As with so many classes in this year’s Boat of the Year competition, the judges faced a real quandary in determining Best Full-Size Cruiser Under 48 Feet. All three nominees — the Beneteau 46.1, Jeanneau Sun Odyssey 490 and Hylas 48 — came in within 2 feet in length of one another. The Beneteau and Jeanneau were incredibly similar, with identical price tags ($520,000) and almost exact displacements (hovering around 24,000 pounds). By comparison, the Hylas was considerably heavier (34,000 pounds) and more expensive ($830,000).
“The Beneteau 46.1 and the Jeanneau Sun Odyssey 490 are straight-up production boats,” said Tim Murphy. “This Beneteau is very much in keeping with what we expect from that builder; it’s a fine boat. But that Jeanneau is an exemplary expression of what high-production yards are capable of, and we ultimately recognized it as such.”
Murphy also summarized where the Hylas 48 stood in the marketplace. “It’s more of a boutique boat. It won’t be produced in the same quantity as the others. And it’s directly aimed more toward the actual bluewater sailor.”
And as an example of a long-range voyaging vessel, for Murphy and his colleagues, they basically found it irresistible.
“You can feel that extra displacement in the motion of the boat,” Murphy said. “It felt very stiff in a good way. There was a lot of traffic on Chesapeake Bay during our sea trials, but there was a very comforting motion as the boat punched through the wakes. It felt like kind of an old-school cruising boat. And the center cockpit is very nicely set up with winches right next to the helm to each side. You could easily go sailing by yourself on this very substantial yacht without any problem. Impressive.”

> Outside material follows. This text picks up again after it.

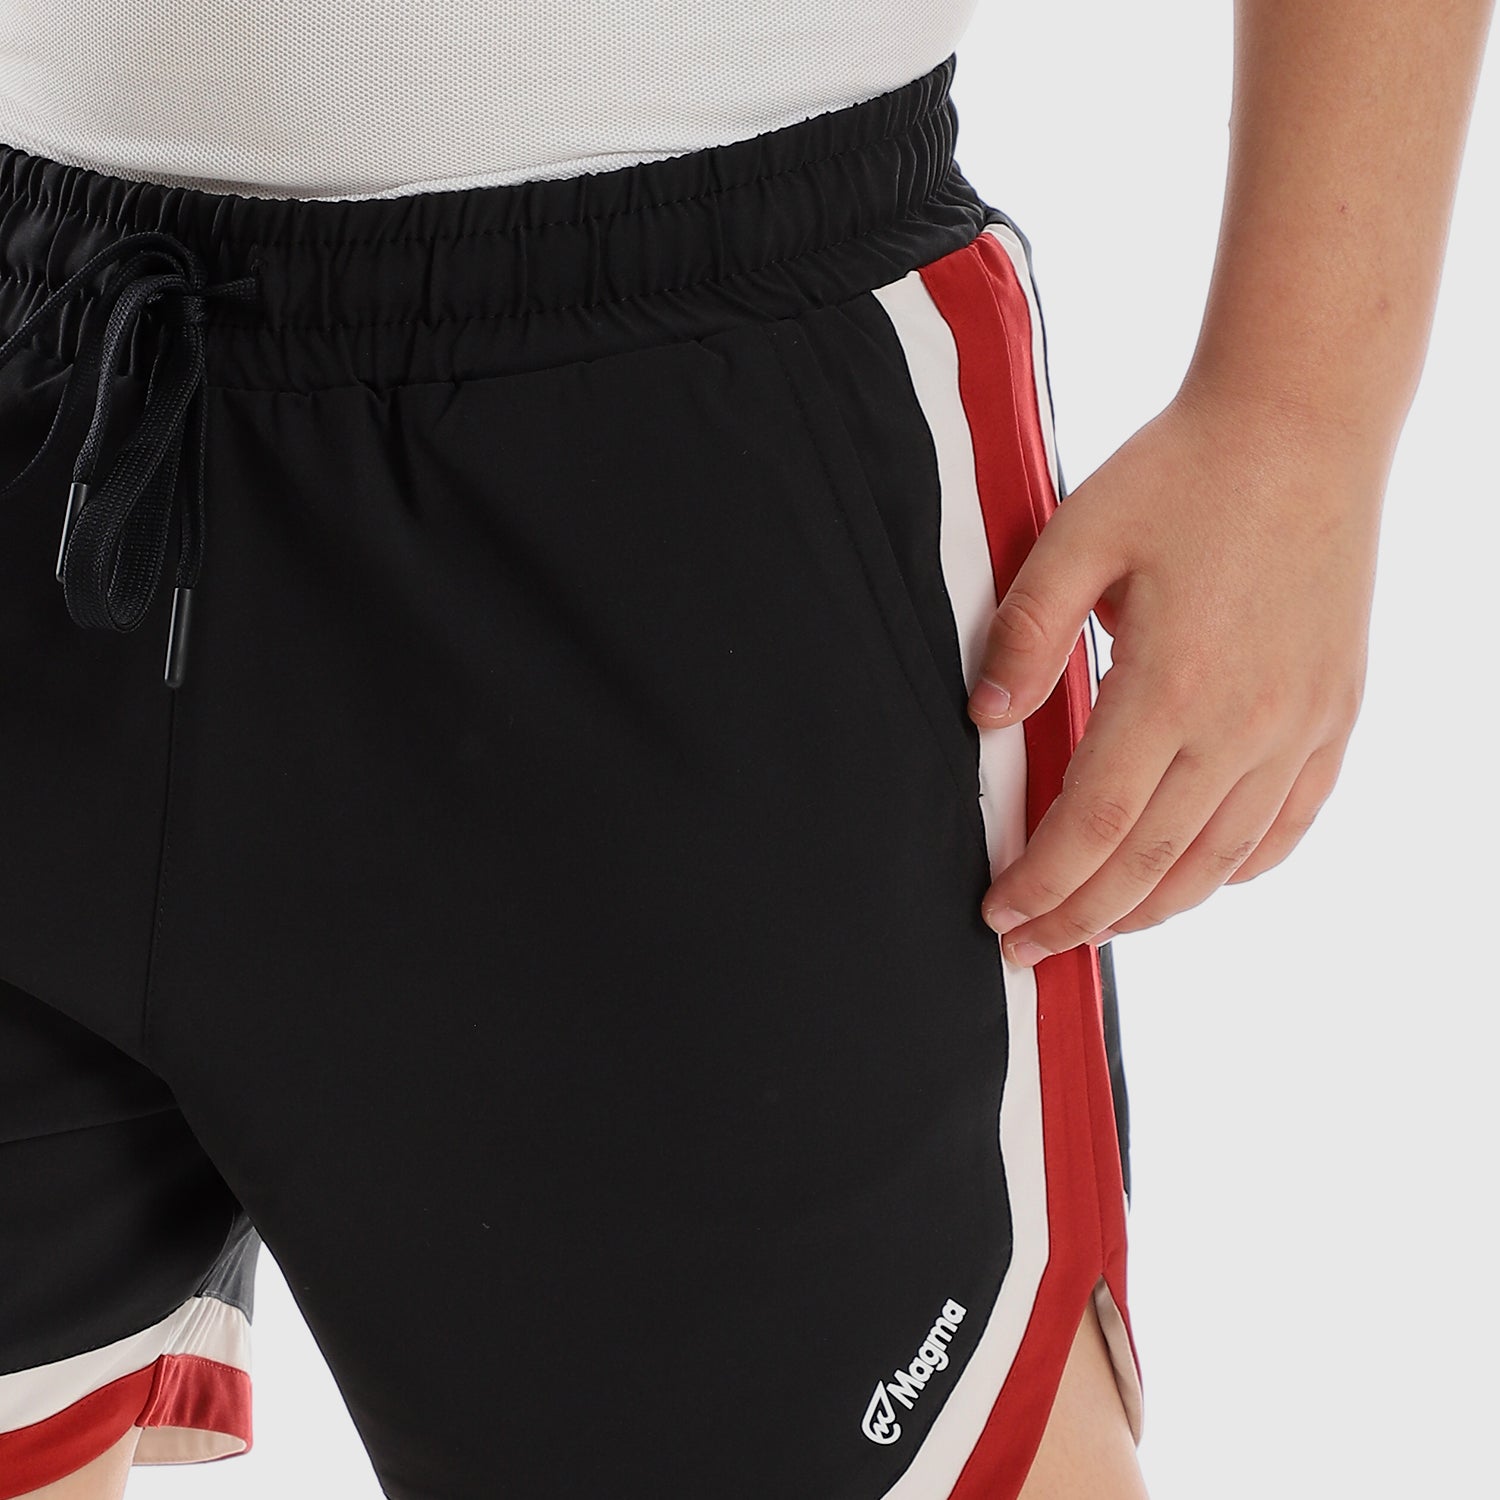 Boys Tri-Tone Comfy Slip On Sportive Shorts - Black, White & Red - Sporty Pro
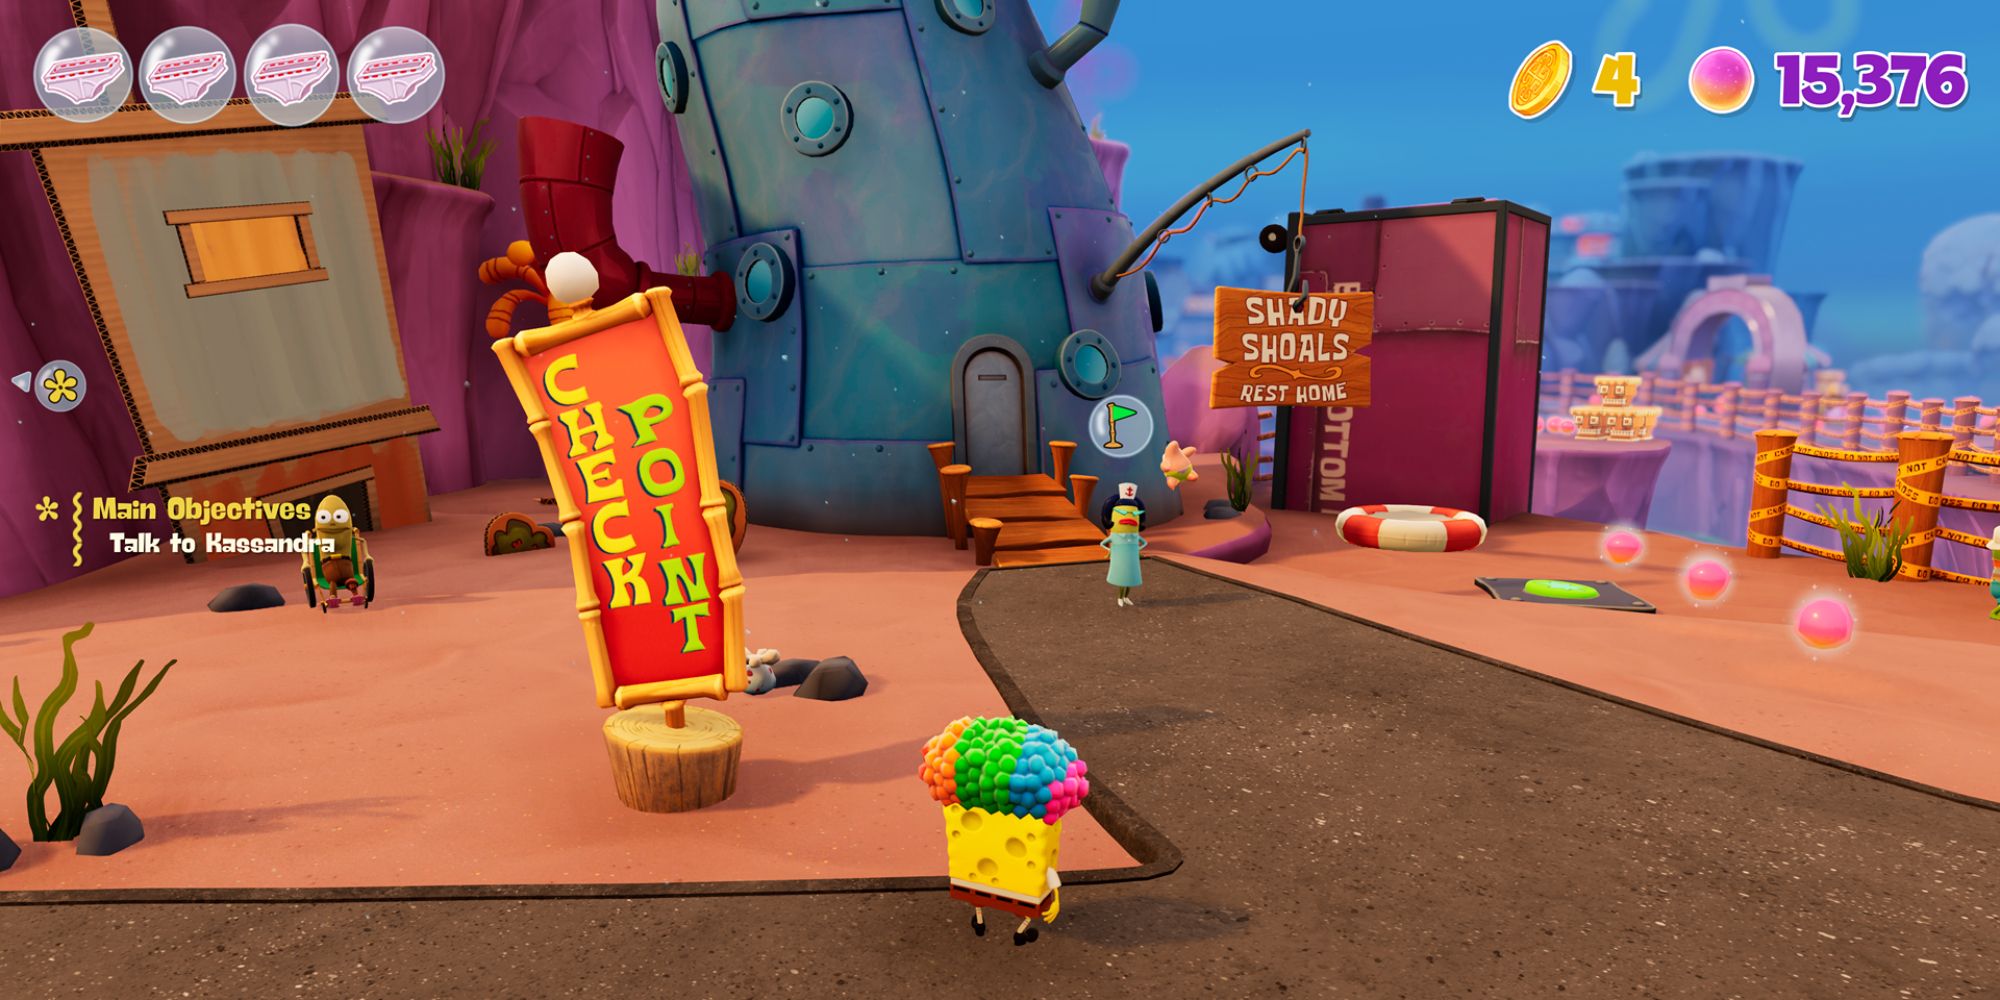 SpongeBob Cosmic Shake Screenshot Of Shady Shoals Rest Home

“This is a sort of retro design, like a lot of Hylases I’ve looked at over the years, and that’s not a negative comment,” said Ed Sherman. “I’ve always been amazed how well the Queen Long boatyard does. This was built by a very experienced Taiwanese workforce, and they’re artisans. They take what they do very seriously, and they do a very good job. They put metal plates in the laminate as backing for winches, and they’re using stainless steel, not aluminum. I’m feeling really good about that.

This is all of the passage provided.